If you decide to take part in this study, you will be randomly assigned to receive either the experimental treatment or a placebo (a substance with no therapeutic effect) to compare results. All participants will be monitored closely throughout the trial. It's important to note that those with certain medical conditions or who have used similar treatments recently may not be eligible.

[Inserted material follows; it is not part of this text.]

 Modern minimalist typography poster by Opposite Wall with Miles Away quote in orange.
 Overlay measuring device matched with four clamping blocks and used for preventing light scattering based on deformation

This trial is currently looking for participants, and it offers a chance to contribute to research that could help improve treatment options for people with spasticity.

Gender

ALL

Eligibility criteria

• Inclusion Criteria:
• • 1. Age between 18 and 75 years old inclusive, at the time of signing the informed consent, regardless of gender.
• • 2. Weight ≥ 50 kg.
• • 3. Subjects with unilateral hemiplegia due to stroke (with a time interval of ≥ 3 months from stroke onset to randomized enrollment) exhibiting upper limb spasticity.
• • 4. Subjects with Disability Assessment Scale score of at least 2 on the Principal Target of Treatment (one of four functional domains: hygiene, dressing, limb position and pain).
• • 5. If taking oral antispasticity, the dosage must be stable for at least 1 month prior to randomized enrollment.
• • 6. If the study limb receives physical therapy or occupational therapy, the frequency, type, and intensity must be stable for at least 3 weeks prior to randomized enrollment.
• Exclusion Criteria:
• • 1. History of allergy to any component of the experimental drugs.
• • 2. Previous use of any botulinum toxin within 6 months prior to randomized enrollment, or plan to use other botulinum toxins not specified in the study protocol during the study.
• • 3. Fixed contractures of the studied limb.
• • 4. Any medical condition that may increase the risk to the subject when using Botulinum Toxin Type A.
• • 5. Need for treatment with drugs that interfere with neuromuscular function during the study.
• • 6. Plan or anticipate to use new antispasticity drugs during the study.
• • 7. History of epilepsy.
• • 8. Pregnant or breastfeeding women. Participation in other drug/device clinical trials within 1 month prior to randomized enrollment.